1998). Microscopy, imaging and microanalysis Vildagliptin Morphological features of the extant fungal specimens were observed and measured in water under a light microscope (Leica DMLS) with a 100x oil-immersion objective. Potassium-hydroxide (KOH), Lugol’s reagent (IKI), Melzer’s reagent (MLZ), Congo Red (CR; CR + congophilous, coloring strongly red in CR), and nitric acid (N) were used when observing some diagnostic structures, like paraphyses and stipe hyphae. Ascomata from dried Cunninghamia bark pieces were imaged under a Carl Zeiss AxioScope A1 compound microscope using simultaneously incident and transmitted light. Spores were imaged on a microscope slide in water using 1600× (oil immersion) magnification and Differential Interference Contrast (DIC) illumination.

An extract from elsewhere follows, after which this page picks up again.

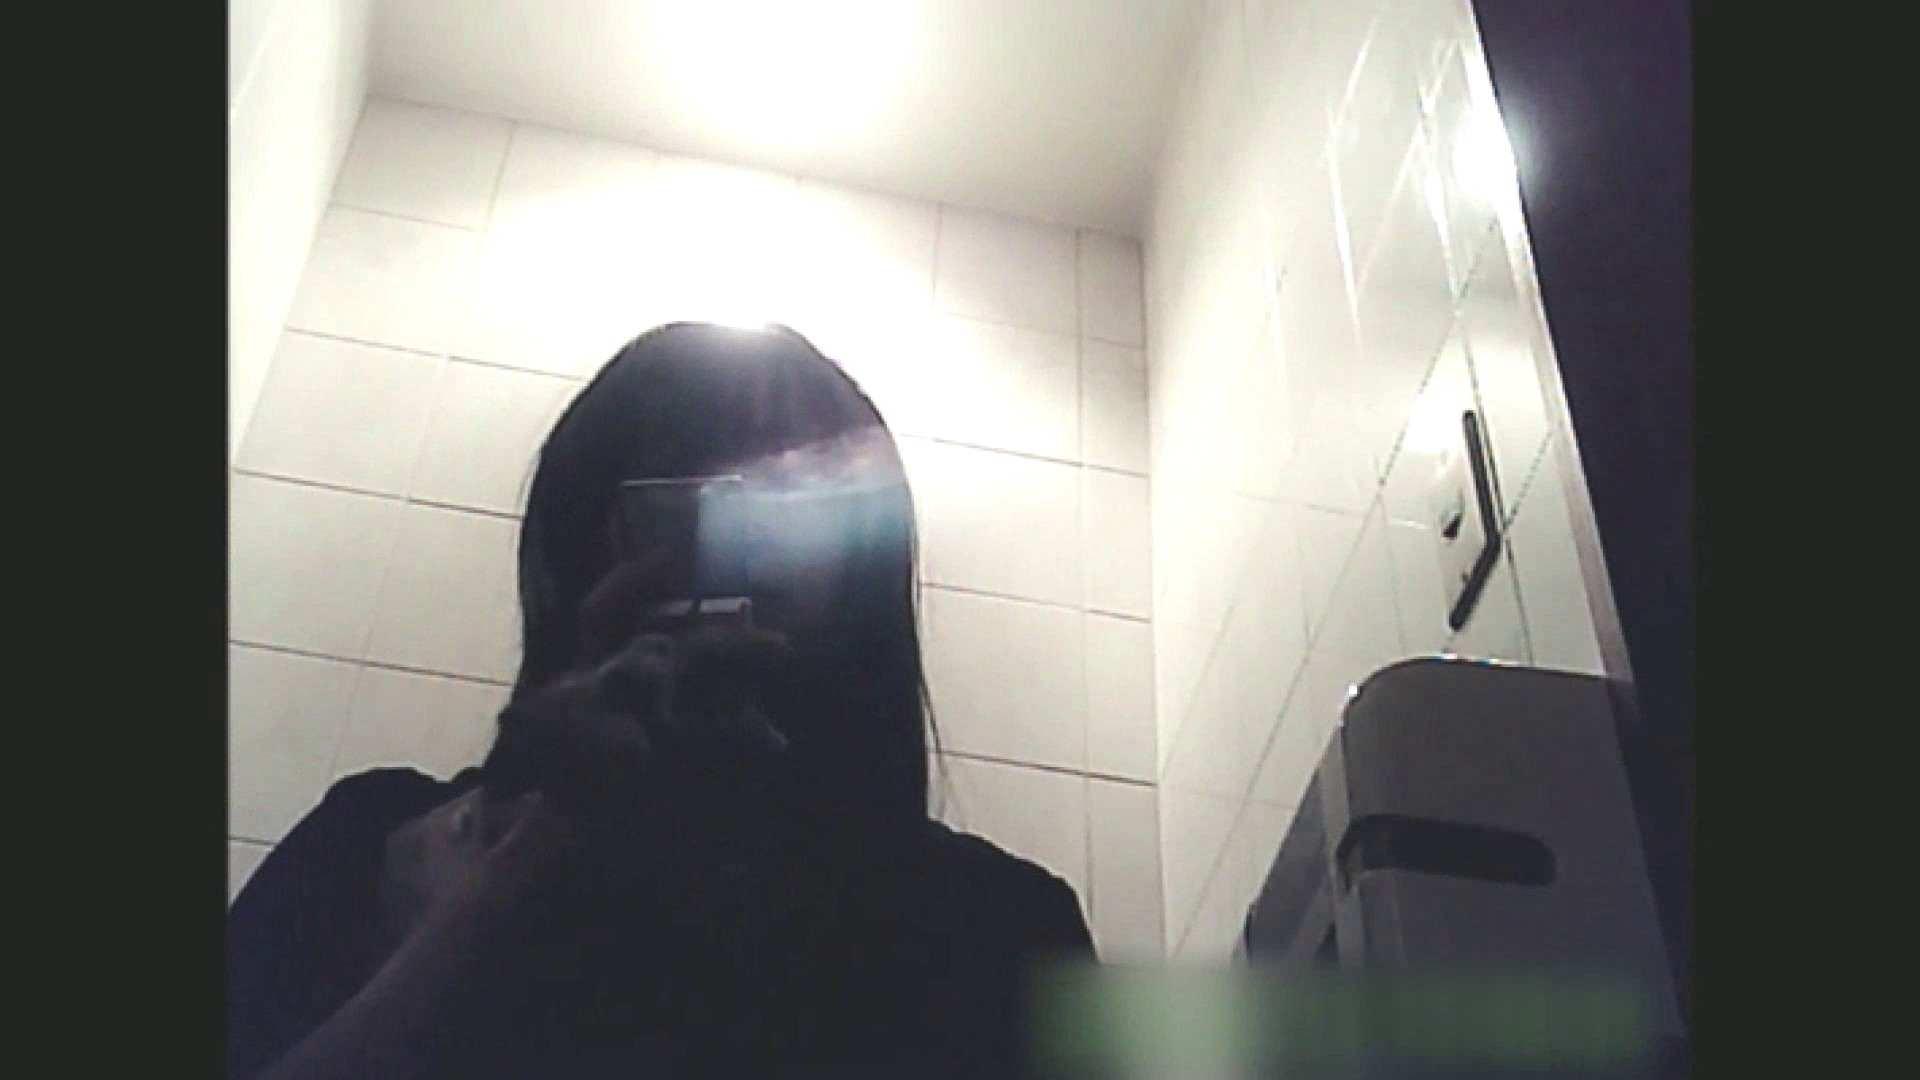 実録!!綺麗なお姉さんのトイレ事情・・・。vol.4 OLエロ画像 | お姉さん  39PICs 1

44 km/s and 0.56, respectively. For the fabrication of PS multilayers, we consider the inclusion of ‘etch stops’ or ‘etch breaks’ where the current is interrupted to stop the etching of the Si wafer in order to prevent any depletion of HF [37]. The introduction Lenvatinib in vivo of these etching breaks is necessary to obtain layers with constant porosity with depth [38]. Because our samples include very thick layers, with large mismatch porosities between them, the number and length of the etch breaks are important to obtain homogeneous structures. We found that etch breaks of 4 s with a ratio (etch break time)/(etching time) from 3.3 for low porosities

(52 %) to 7.3 for high porosities (67 %) are enough to minimize any chirp in the layers. Results and discussion Thicknesses of layers were measured by optical microscopy, and the layer porosities were determined from optical Metformin reflectance spectra by fitting our experimental measurements and comparing them with our theoretical simulations for each sample. The acoustic transmission and field intensity distribution have been modeled using the transfer matrix method

described before and taking into account the effect of the sample (PS-Si substrate), transducers (Si pillars), and In-Ga eutectic liquid used to couple the transducers to the sample. Three PS multilayer samples are considered here to show the effect of localization inside the structures. All of them consist of layers a and b repeating alternatively, and a defect layer, c, in the middle of the structure. The sequence used for structures was a b a b a b a b a b a b−c−b a b a b a b a b a b a=(a b)6 c(b a)6. In the first sample (1) porosities and thicknesses of layers a and b are P a =53%, d a =1.15 μm, P b =67%, and d b =1.10 μm, respectively. Here, layer c has the same thickness and porosity of layer a, and therefore, this sample is completely

periodic. The porosities and thicknesses of the layers were chosen to obtain the fundamental stop band within the bandwidth of the acoustic transducers, and satisfying Equation 7. A scheme of structure 1 is displayed in the top panel of Figure 1. The central panel of Figure 1 (solid line) shows the measured acoustic transmission spectrum of the PS periodic structure with a total thickness of approximately 27 μm. The Carnitine dehydrogenase band gap in the transmission spectrum observed around 1.15 GHz and ranged from 0.94 to 1.38 GHz is the first-order acoustic stop band of the mirror, corresponding to m=1 in Equation 7. This fundamental stop band shows an attenuation of approximately 50 dB with a fractional bandwidth of 37 %. The dashed line is the result of calculations using TMM. Good agreement between modeled and measured spectra is seen. The fine features of the spectrum are not noise but the longitudinal modes of the Si pillars of the transducers and the Si substrate of the sample. The fundamental band gap has a depth of approximately 50 dB which is less than the modeled value of approximately 100 dB.